St. Pölten

Erstellt am 18. August 2016, 09:24

von Nina Gamsjäger

Vorfall bei Müller zieht weite Kreise. Drogerie dementierte erst, rudert dann zurück. Ähnliche Vorwürfe auf Facebook.

.Auch auf Facebook ein Thema: Bub öffnete in St. Pöltner Filiale einer Drogeriekette Nagellack, Mitarbeiter rastete aus..  |  Symbolbild

„Der von Ihnen beschriebene Vorfall hat sich in keinster Weise so bei uns ereignet“, dementierte die Müller-Presseabteilung kurz nach Erscheinen des vorwöchigen NÖN-Berichts. Dies sei auch von mehreren Mitarbeitern vor Ort bestätigt worden.

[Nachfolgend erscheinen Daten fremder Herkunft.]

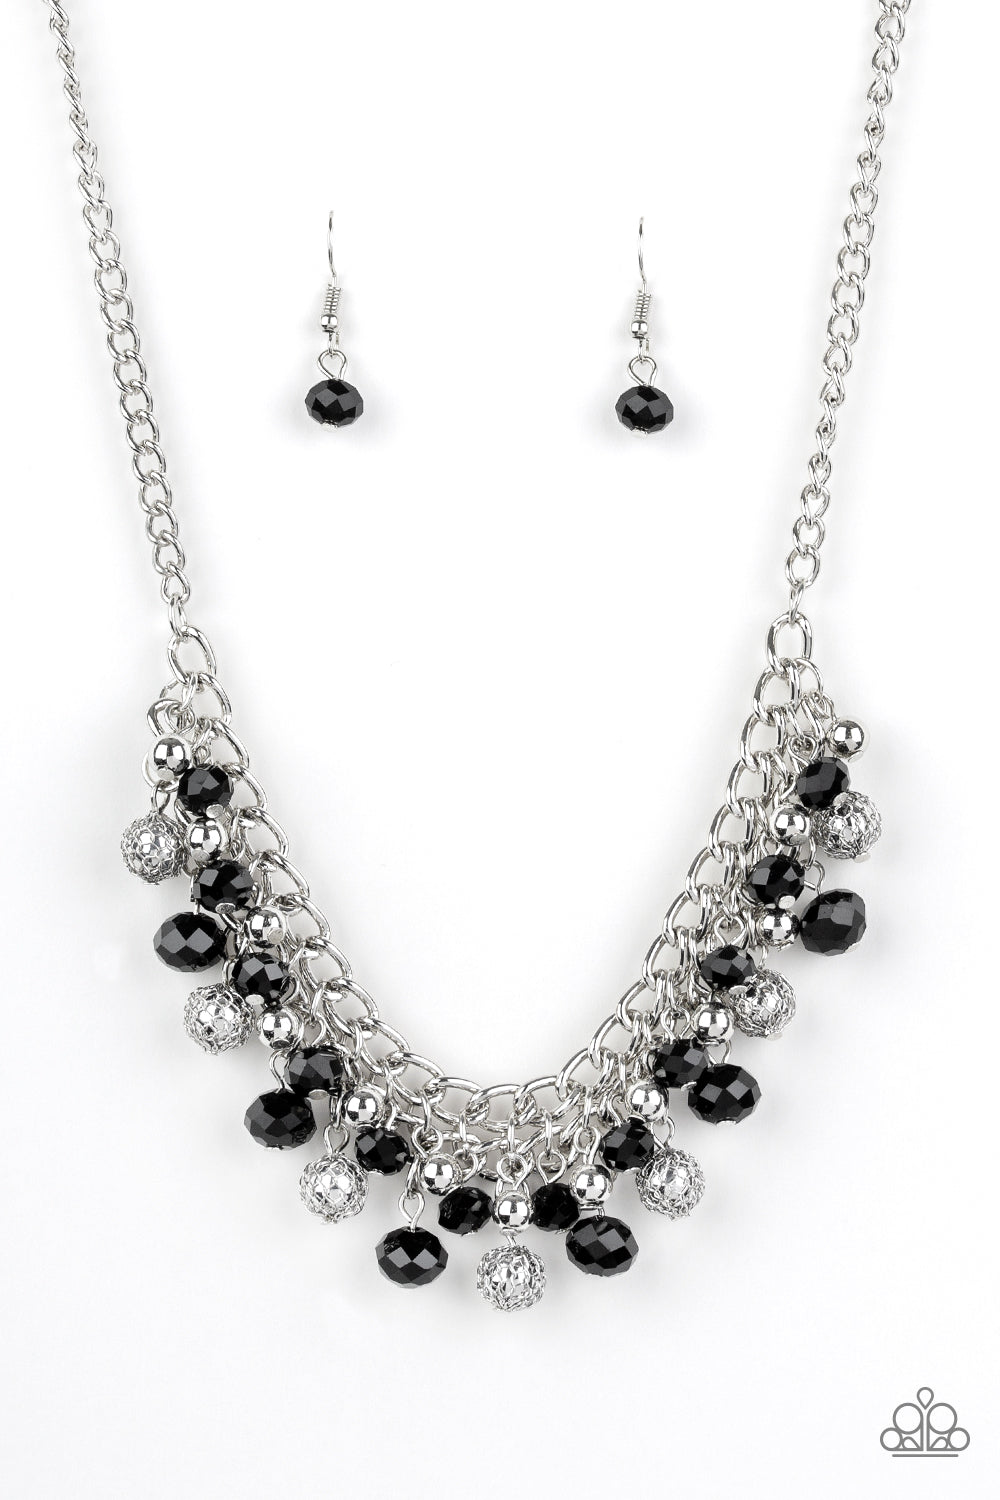 five-dollar-jewelry-party-spree-black-necklace-paparazzi-accessories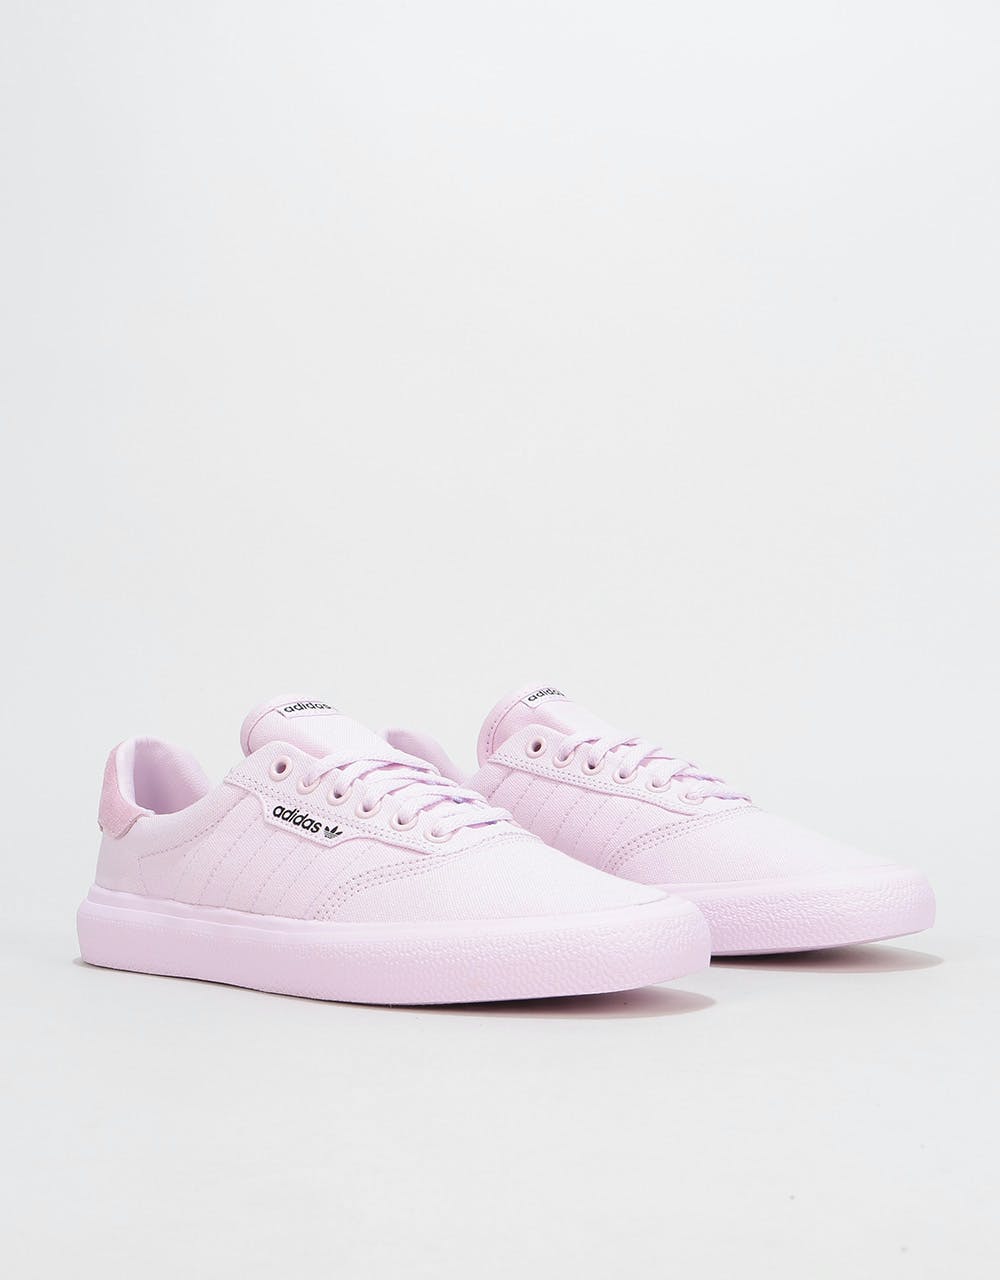 adidas 3MC Skate Shoes - Aero Pink/Aero Pink/Core Black – Route One

Da hatte der Fall der Wagramerin mit Migrationshintergrund, die aus der Müller-Filiale in der Brunngasse verwiesen wurde, bereits in sozialen Medien für Aufregung gesorgt. Sie soll lautstark aus dem Geschäft komplimentiert worden sein, nachdem ihr zweieinhalbjähriger Sohn einen Nagellackentferner geöffnet hatte.

„Warum sollte ich so etwas erfinden?“

Auf der Facebook-Seite von SP-Gemeinderat Ali Firat, der den NÖN-Bericht teilte, fanden sich rasch unzählige Kommentare – manche davon berichteten von ähnlichen Erfahrungen in der Filiale. Nur kurz später ruderte der Konzern aber ein Stückchen zurück.

Gegenüber einem Facebook-User, der nachgefragt hatte, räumte die Drogerie-Kette ein, dass es tatsächlich einen Kontakt mit der Wagramerin gegeben habe. Die Erklärung: Der Mitarbeiter sei um die Sicherheit des Buben besorgt gewesen und habe deshalb die Mutter angesprochen – denn ein Kind wisse nicht, dass ein Nagellackentferner giftig sei.

Die Mutter zeigt sich auf Nachfrage empört: „Warum sollte ich so etwas erfinden?“ Sie frage sich, was seine Worte „Das kannst in deiner Heimat machen“ bedeuten sollen, wenn es dem Müller-Mitarbeiter nur um das Wohl des Kindes gegangen wäre.

Die NÖN hatte am 9.8. berichtet: „Das kannst in der Heimat machen“

St. Pölten | Kind öffnete Flasche, Filialleiter soll Mutter daraufhin angeschrien haben.

Es sollte ein Einkauf wie jeder andere werden: Eine Wagramerin wollte mit ihren beiden Kindern im Drogeriemarkt Müller Seifenblasen besorgen.

In einem unbeaufsichtigten Moment habe sich ihr zweieinhalbjähriger Sohn eine Flasche Nagellackentferner genommen und den Klappverschluss geöffnet, erzählt die Mutter. Plötzlich habe sie jemand angeschrien: „Jetzt ist das kaputt und Sie müssen es kaufen.“ Sie vermutet, dass es der Leiter der Filiale war.

Die Frau hätte die 90 Cent sofort bezahlt, der Filialleiter habe ihr den Nagellackentferner aber aus der Hand gerissen und sie angeschrien. „Das kannst in deiner Heimat machen, aber nicht bei mir,“ zeigt sich die Österreicherin mit Migrationshintergrund schockiert. Ihr Sohn habe zu weinen begonnen.

Noch nie sei sie auf eine solch diskriminierende Art verletzt worden, ihre angebliche Heimat kenne sie nur aus dem Urlaub. Damit aber nicht genug. Mit den Worten „Hier habe ich das Sagen. Ich verweise Sie aus dem Haus“ habe sie der Mann zur Tür begleitet. Er habe vor zahlreichen Kunden den Eindruck erweckt, sie habe etwas Furchtbares angestellt, berichtet sie.

„Wenn der Filialleiter ein Problem mit Kunden mit ausländischem Aussehen hat, ist er vielleicht nicht im richtigen Job“, ortet SP-Gemeinderat Ali Firat einen klaren Fall von Alltagsdiskriminierung.

Trotz mehrerer Anfragen war der Müller-Konzern für keine Stellungnahme erreichbar.